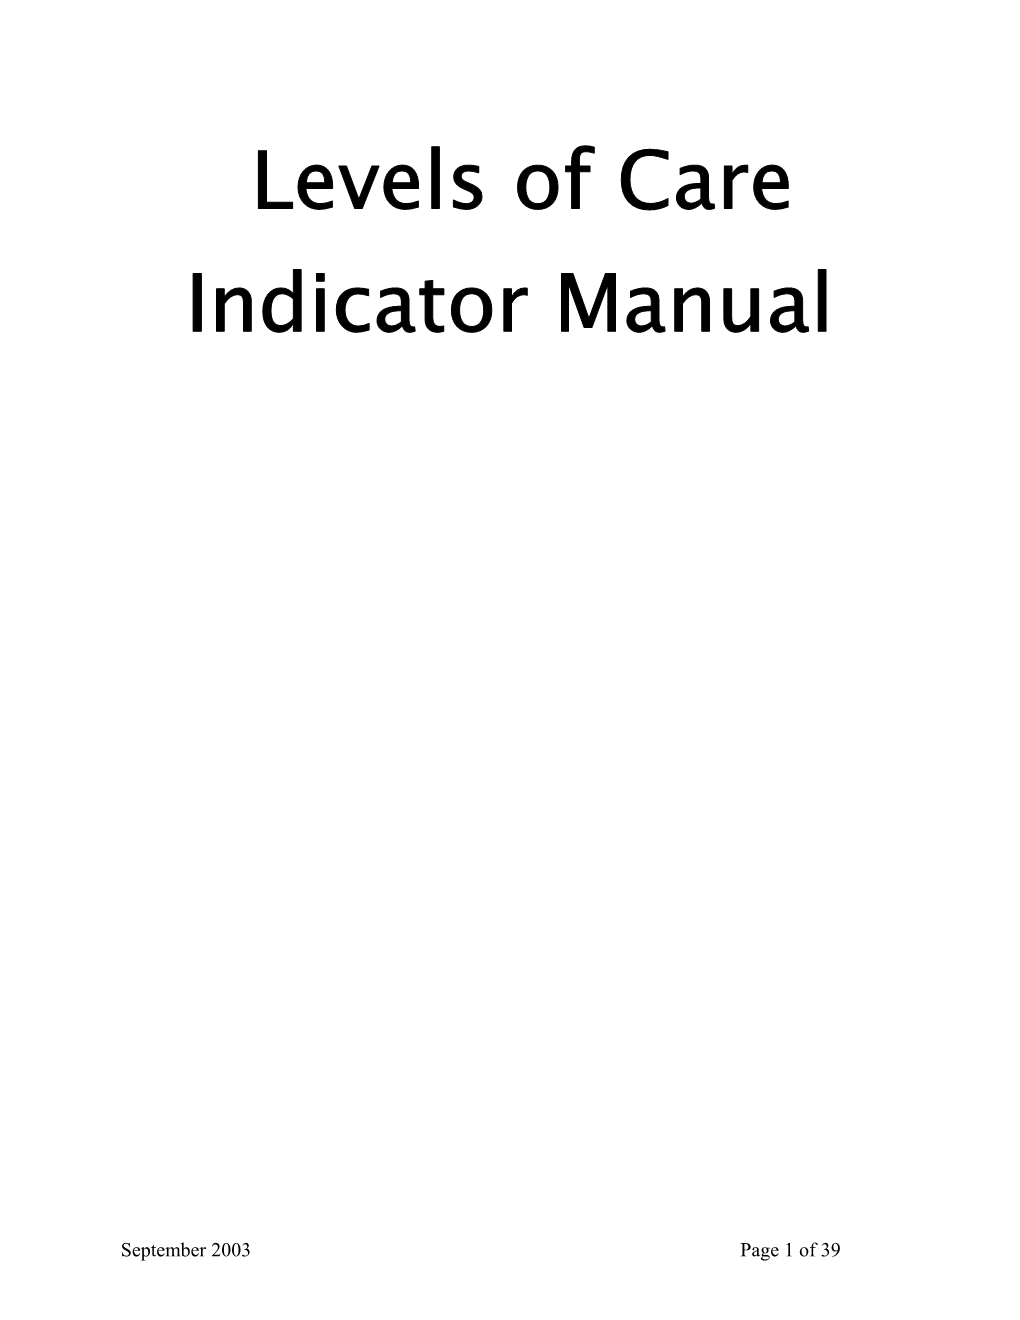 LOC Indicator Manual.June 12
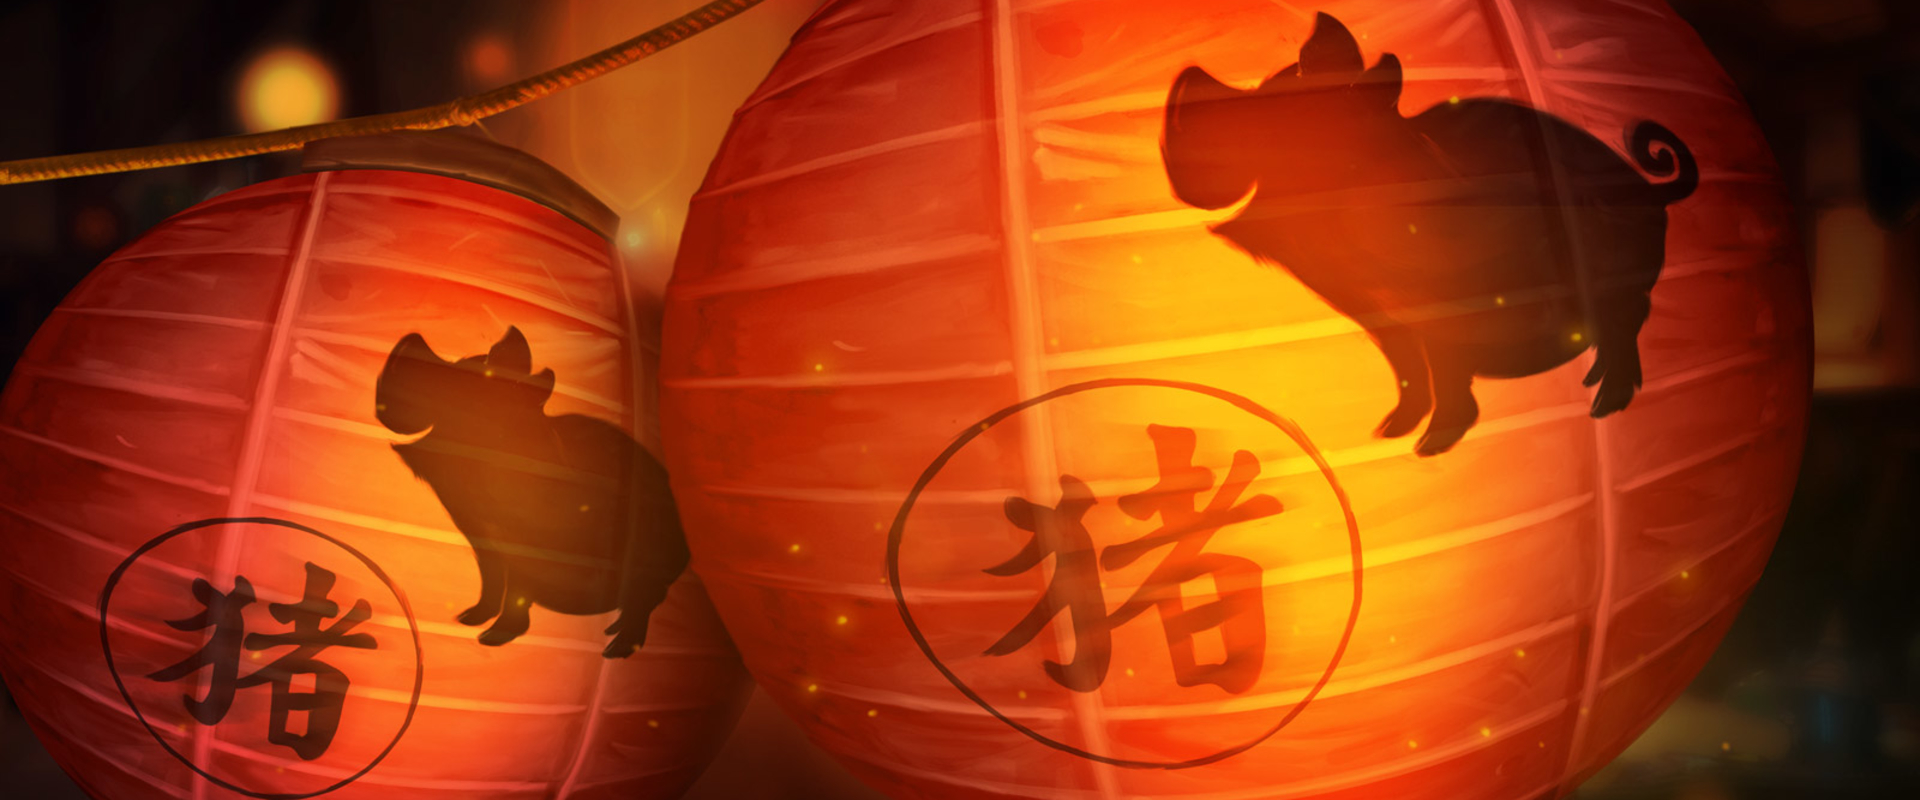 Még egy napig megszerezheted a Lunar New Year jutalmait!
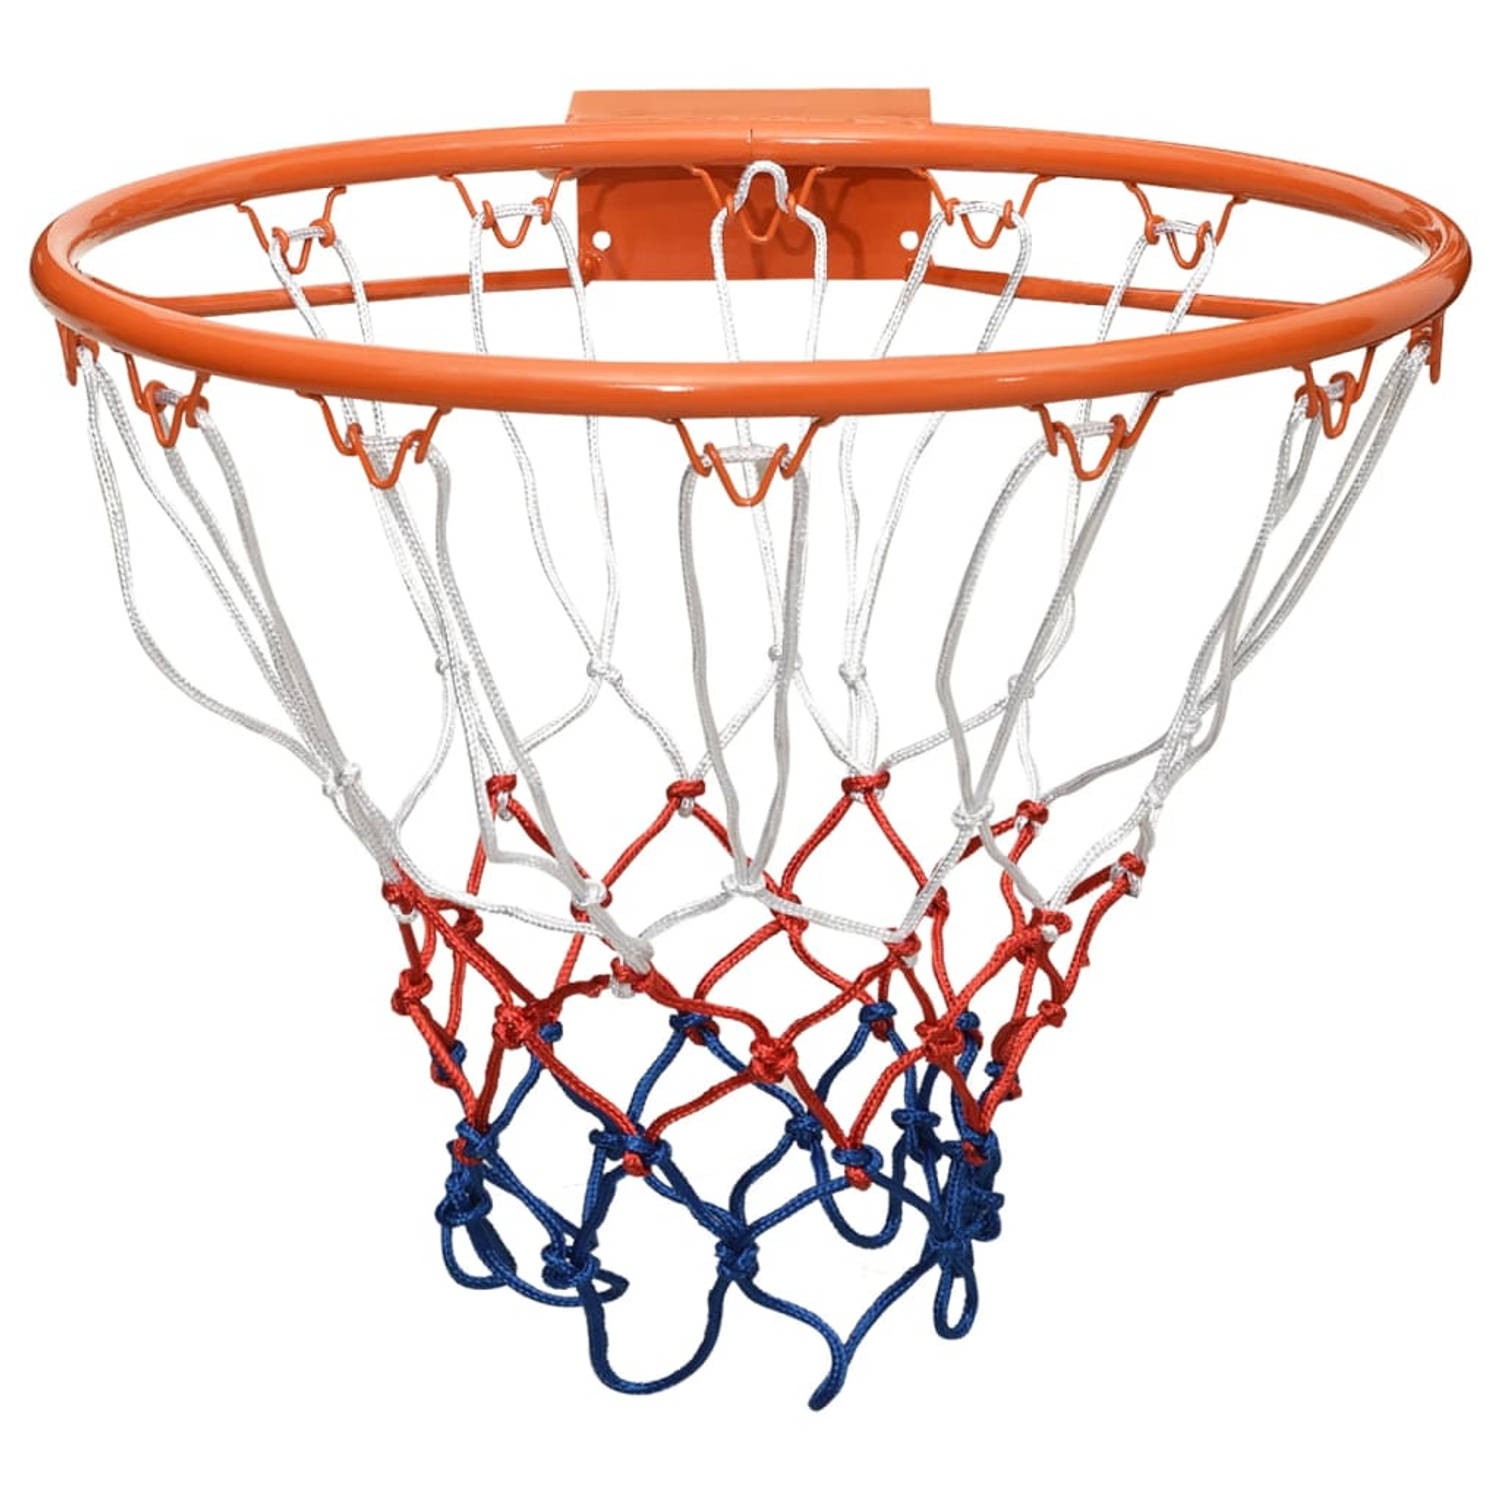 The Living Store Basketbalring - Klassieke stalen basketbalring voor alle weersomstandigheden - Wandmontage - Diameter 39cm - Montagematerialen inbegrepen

++++

**TASK INSTRUCTIONS**
Please reproduce the whole listing exactly; the pictures stay out.

**PROBLEM SOLUTION**
 LOC Indicator Manual.June 12
 Még egy napig megszerezheted a Lunar New Year jutalmait!
 The Living Store Basketbalring - Klassieke stalen basketbalring voor alle weersomstandigheden - Wandmontage - Diameter 39cm - Montagematerialen inbegrepen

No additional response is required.